▶ **DATA PROVIDED**:

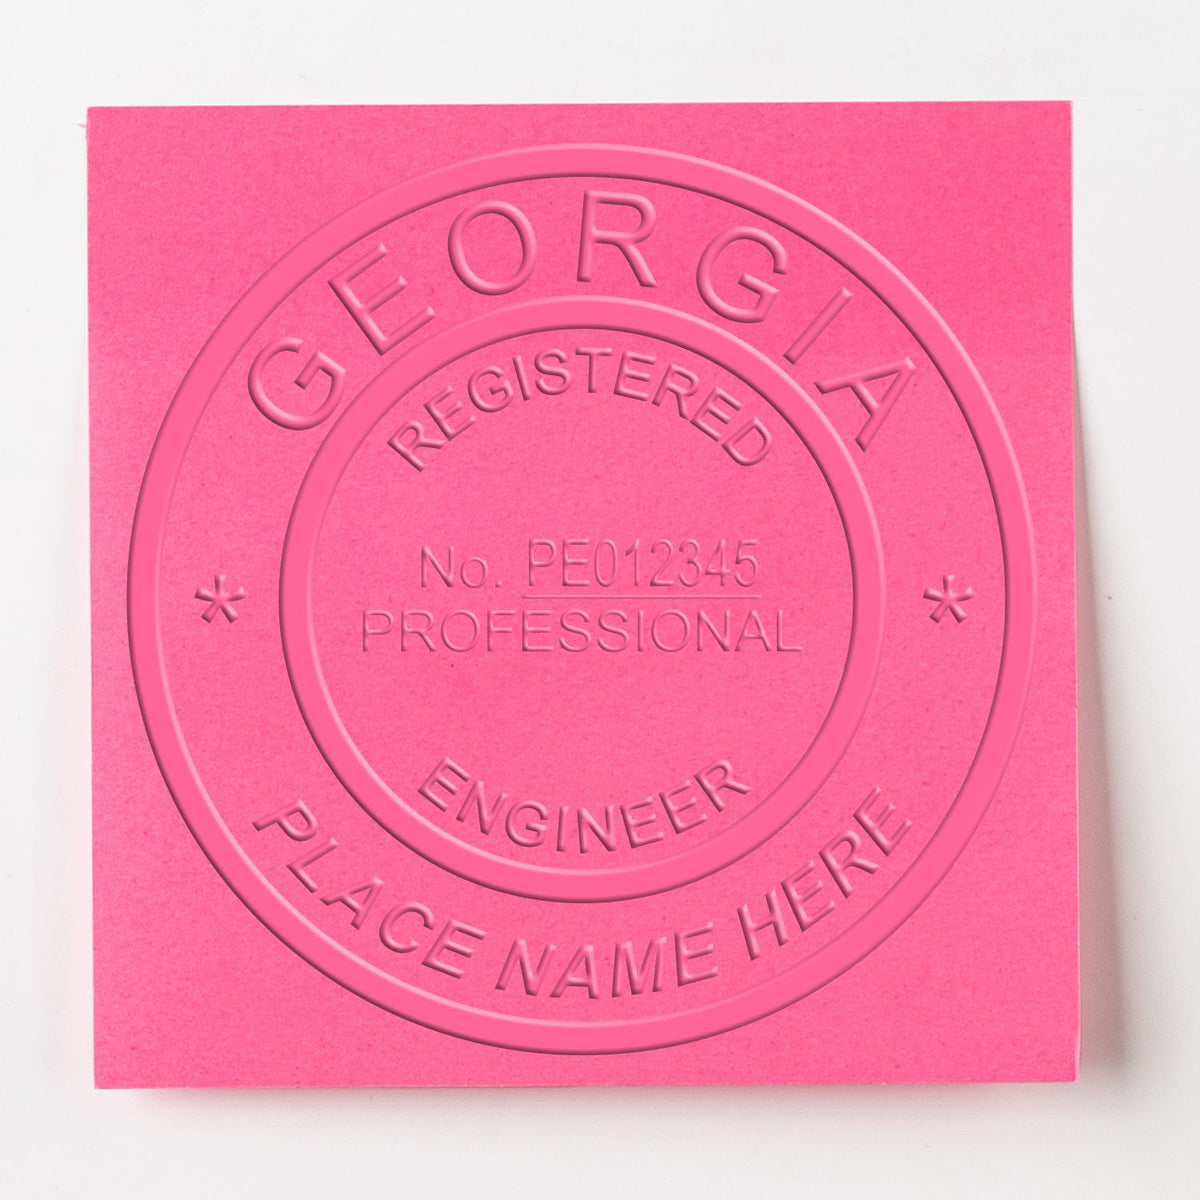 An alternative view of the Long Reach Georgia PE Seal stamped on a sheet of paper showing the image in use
==
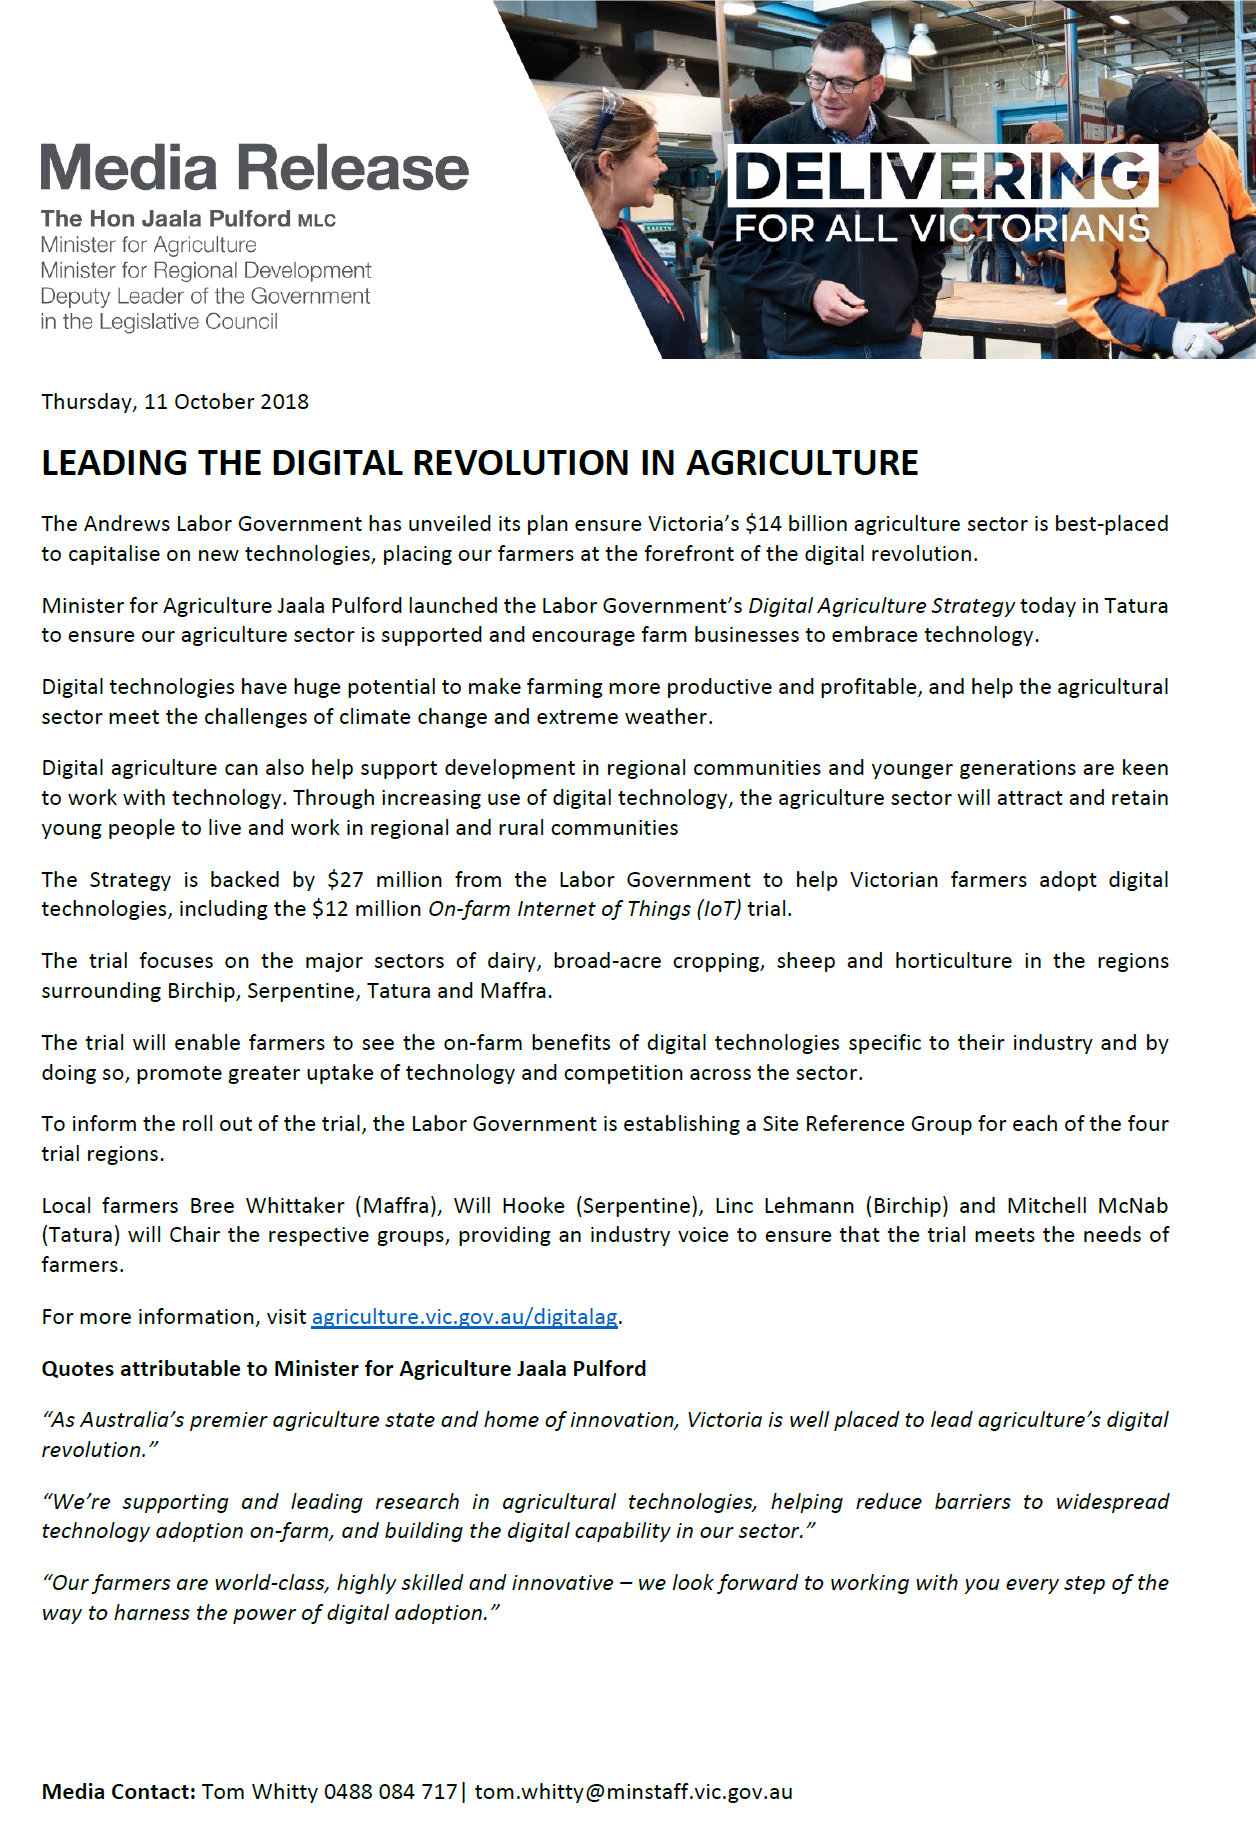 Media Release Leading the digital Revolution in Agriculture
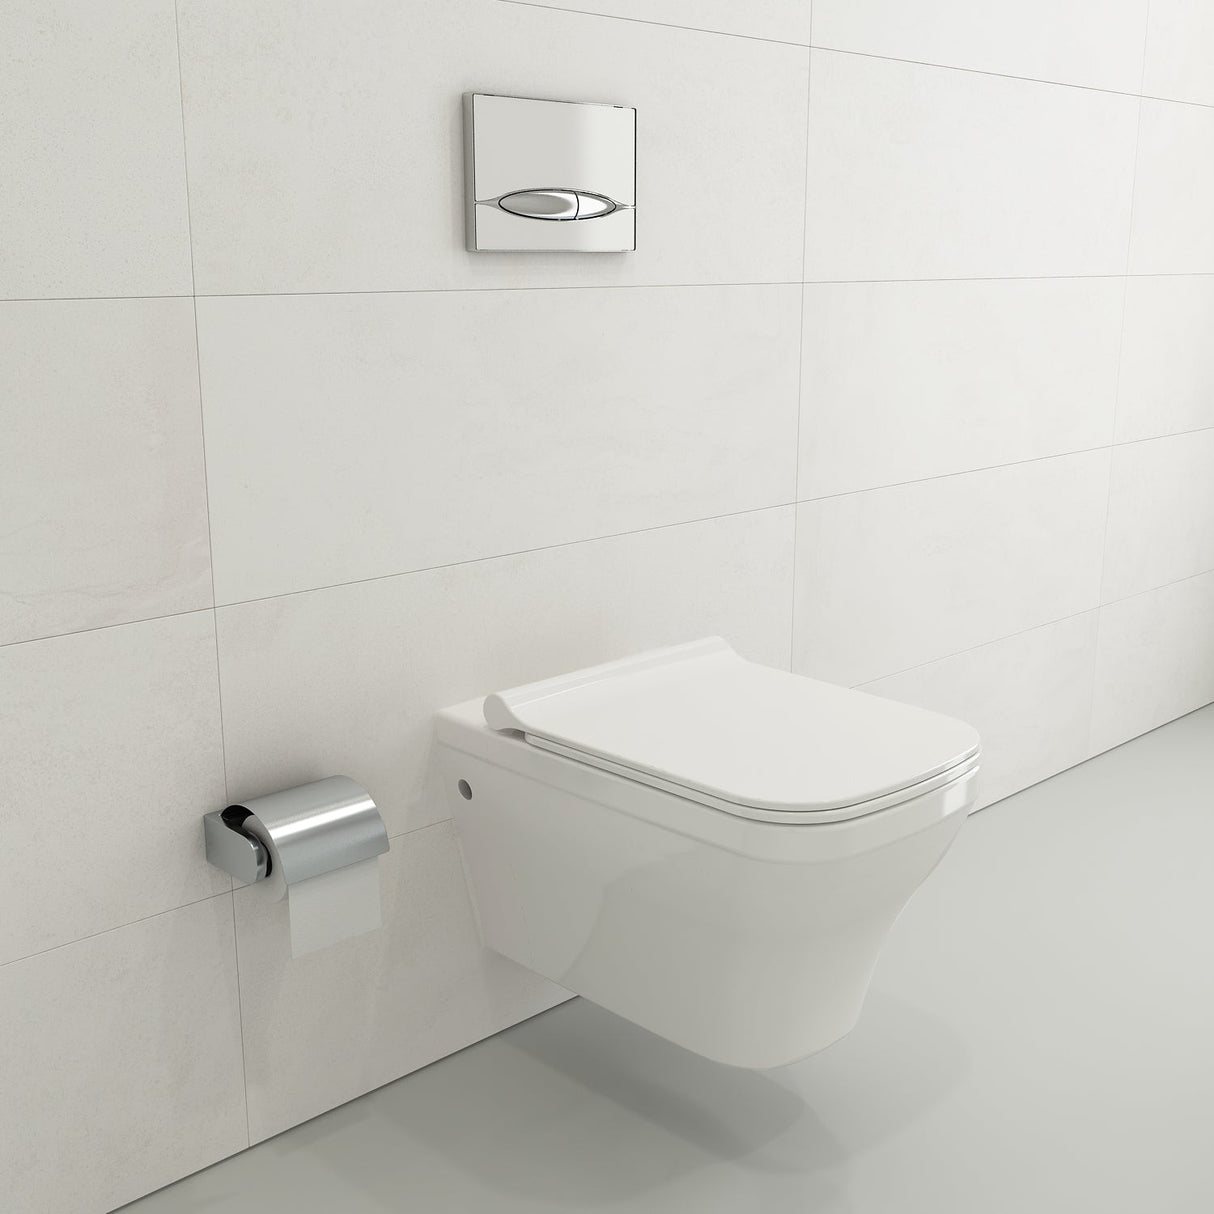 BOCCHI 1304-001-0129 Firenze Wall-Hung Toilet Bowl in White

▶ **PROMPT**:
The answer must be the part of the records that opens with the line containing "Media Release Leading" and closes with the line containing "BOCCHI 1304-001-0129 Firenze", reproduced exactly, with no pictures.

▶ **ANSWER AREA**:
 Media Release Leading the digital Revolution in Agriculture
 BOCCHI 1304-001-0129 Firenze Wall-Hung Toilet Bowl in White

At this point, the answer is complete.